On January 13, the New Hampshire House passed HB 341, which deals with the state’s presidential primary. New Hampshire law already requires the Secretary of State to schedule the presidential primary at least seven days before any other state’s presidential primary. The bill specifies that the New Hampshire presidential primary should also be at least seven days earlier than any other state’s caucus. However, the bill exempts the Iowa caucus, which traditionally is earlier than the New Hampshire presidential primary. Thanks to Tony Roza for this news.
On January 12, Miami, Florida, held a special election to fill the vacant City Commissioner position, district 5. The voters elected Michelle Spence-Jones. The election is non-partisan.
The voters had also elected Spence-Jones in the last regular election for this seat, but Governor Charlie Crist had removed her from office last year. The Florida Constitution permits a Governor to remove an elected local official from office. The Governor has indicated he will remove her again. but Spence-Jones has filed a lawsuit to keep her seat. See this story.
The Wall Street Journal has this article on the San Francisco Green Party. It is puzzling that on the same day, the San Francisco Bay Guardian also ran this article on the San Francisco Green Party. The two articles are not the same, although they both emphasize that by some indicators, the party is weaker than it was in the past.
On January 13, the 2nd circuit heard two hours of oral arguments in Green Party of Connecticut v Garfield, 09-3760. The three judges were Jose A. Cabranes, a Clinton appointee; Amalya Kearse, a Carter appointee; and Peter W. Hall, a Bush Jr. appointee.
The first hour was devoted to the part of the case over restrictions on lobbyists. The plaintiffs in this half of the case do not include the Green and Libertarian Parties. The Connecticut public funding law also includes provisions making it illegal for lobbyists and their spouses and children from contributing to candidates for state office, or even for advocating on behalf of any candidates for state office. The U.S. District Court had upheld this half of the law.
The second hour was devoted to the part of the case over public funding. The U.S. District Court had invalidated the public funding provisions because they discriminate against minor party candidates, and especially against independent candidates. The public funding law also could be said to injure candidates who either choose not to use public funding, or those who can’t qualify for public funding, because if such a candidate manages to raise a large amount of private funding, his or her publicly-funded opponents get substantial amounts if additional public funding.
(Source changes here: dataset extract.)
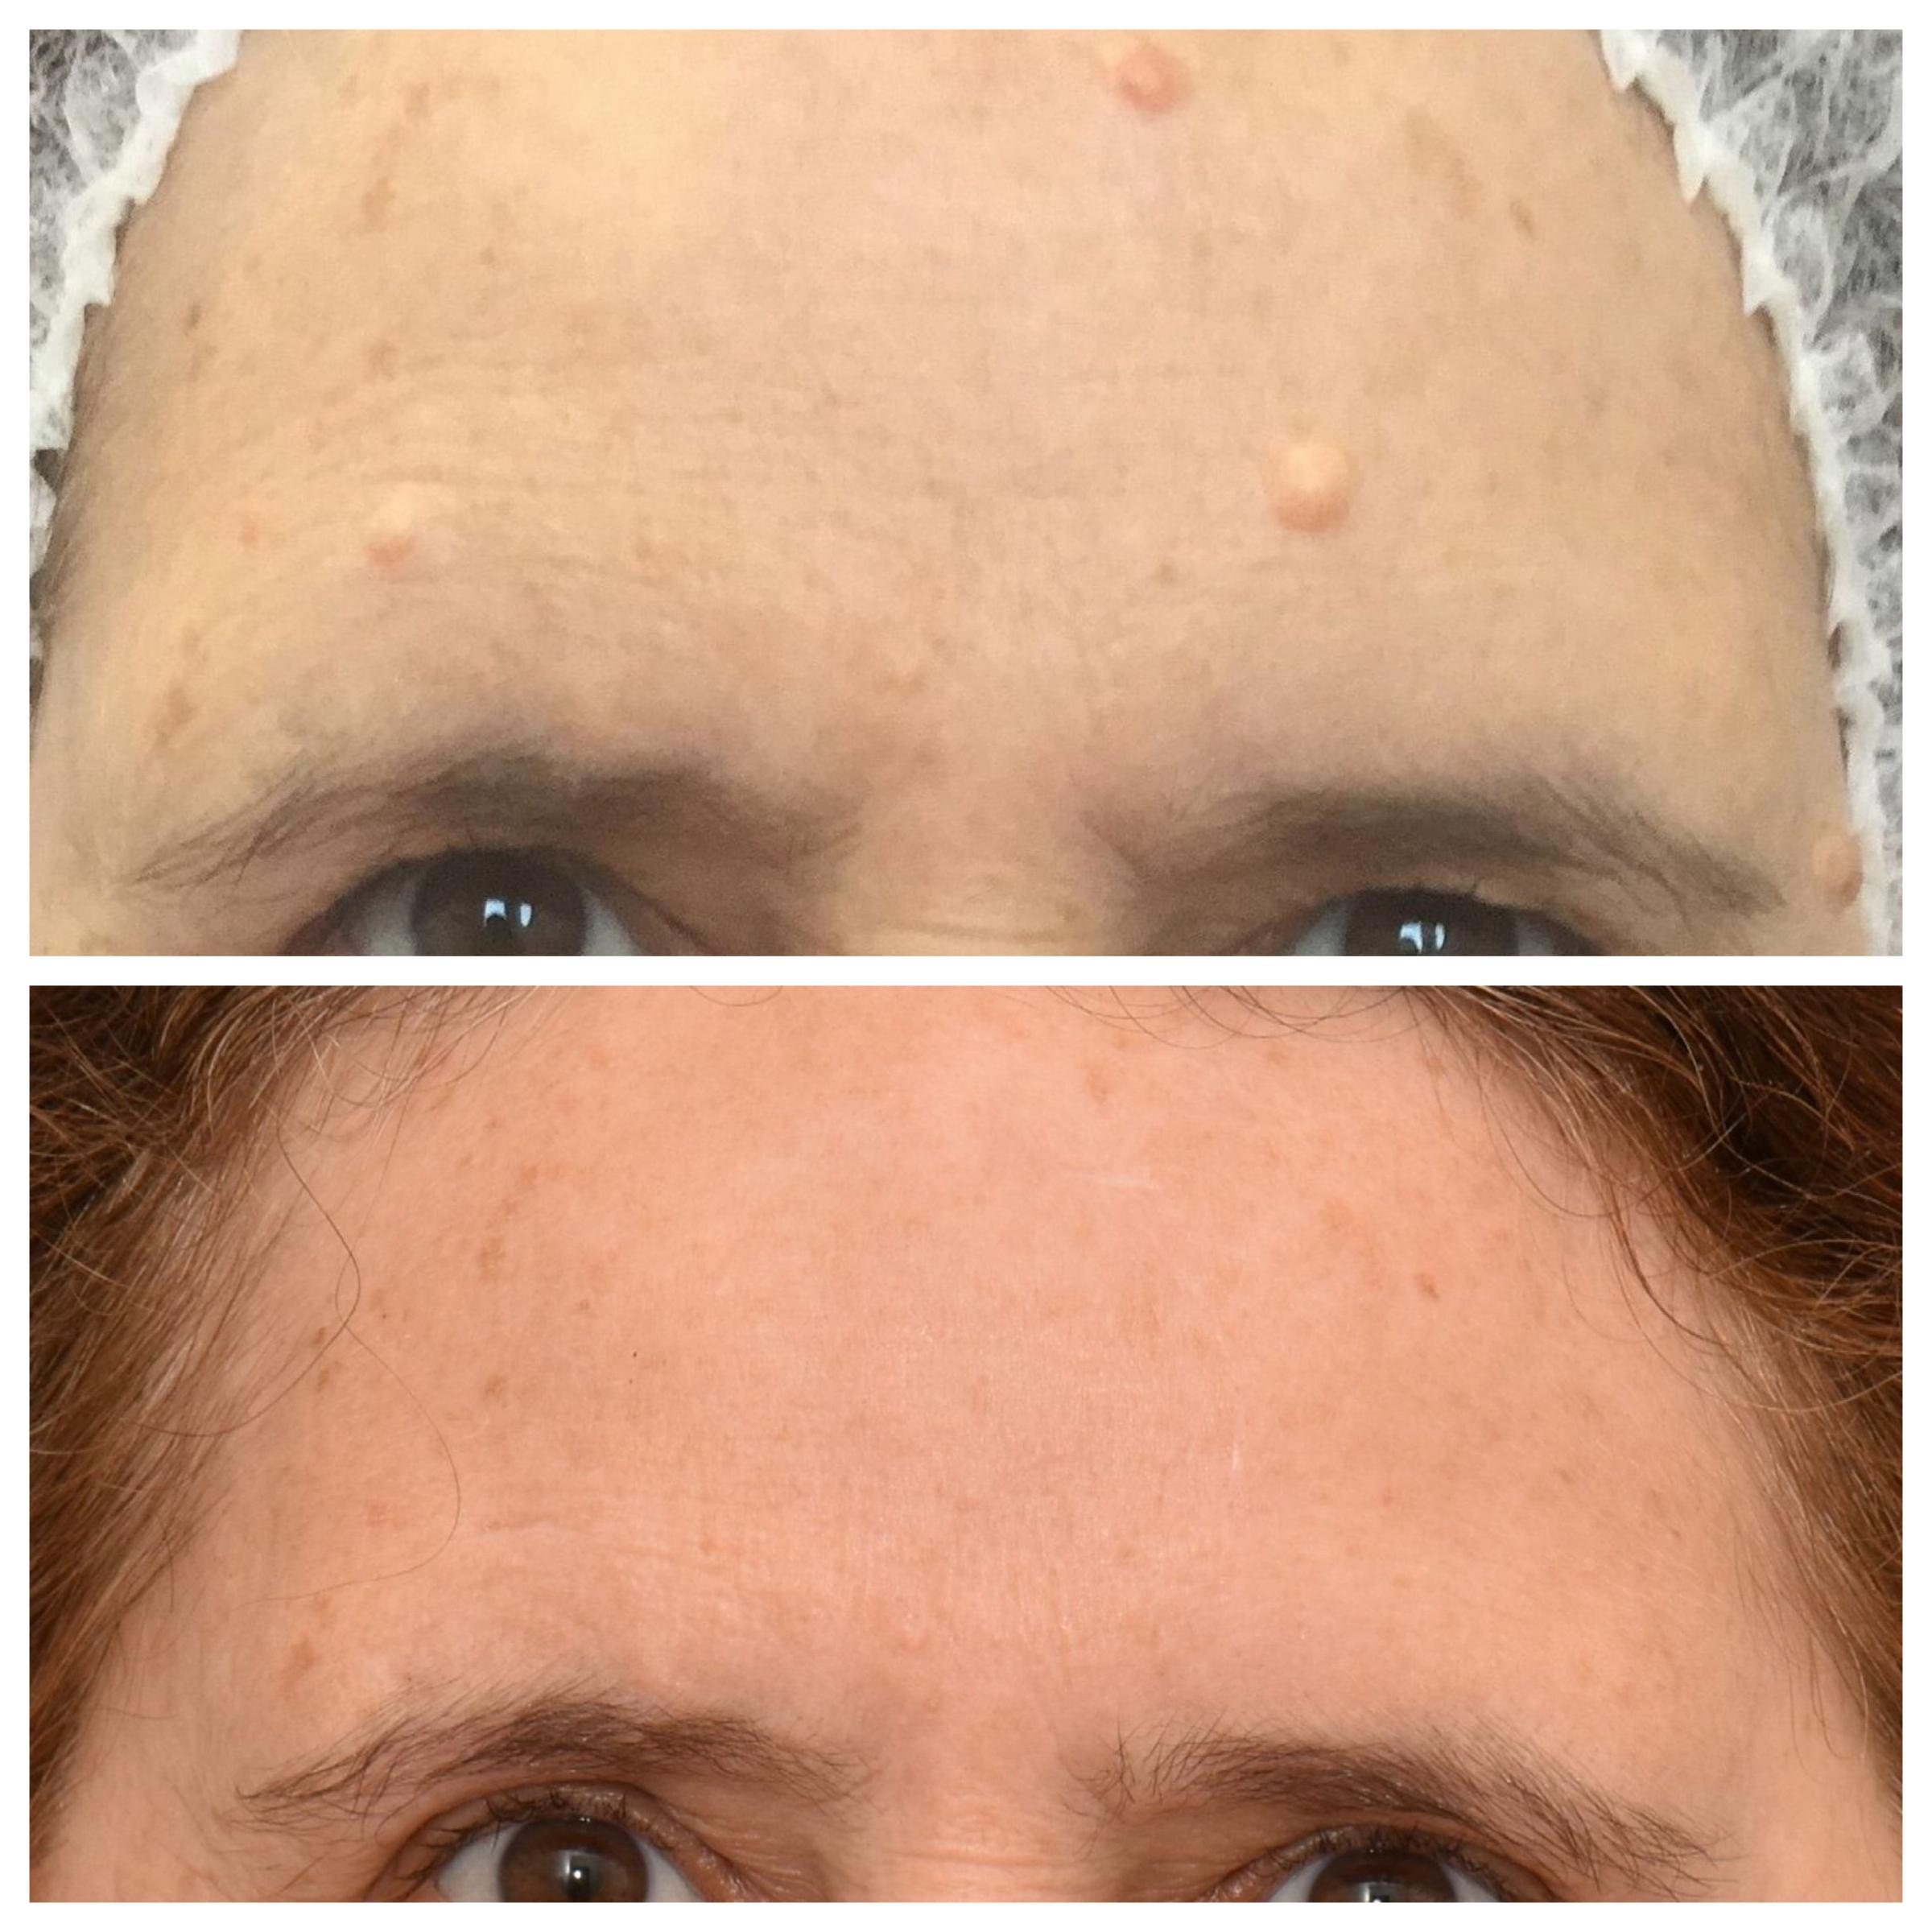 Mole Skin Tag Wart Removal Northern Skin Studio

The judges seemed more active in questioning during the first hour, than during the second hour. This is a complex case, and normally the 2nd circuit might prefer to take a good amount of time to reach its decision on both halves of the case. On the other hand, there is considerable pressure on the panel to reach a quick decision, because candidates running in 2010 are disadvantaged, not knowing whether the public funding provisions will be in effect this year or not. The public funding provisions were written so that if any part of the formulas for determining how various types of candidates qualify for money, the entire public funding program is void.
Arizona Representative Judy Burges (R-Skull Valley) has introduced a bill in the Arizona legislature to keep presidential candidates off the ballot unless they prove that they meet the U.S. Constitutional qualifications. See this story. The bill is not yet on-line and doesn’t have a bill number. At this point it is not apparent if the bill relates to the Arizona presidential primary ballot, or to the general election ballot, or both.
Two apparently similar bills were introduced in the Arizona Senate in 2009, but they made no headway. They were SB 1053 and SB 1158.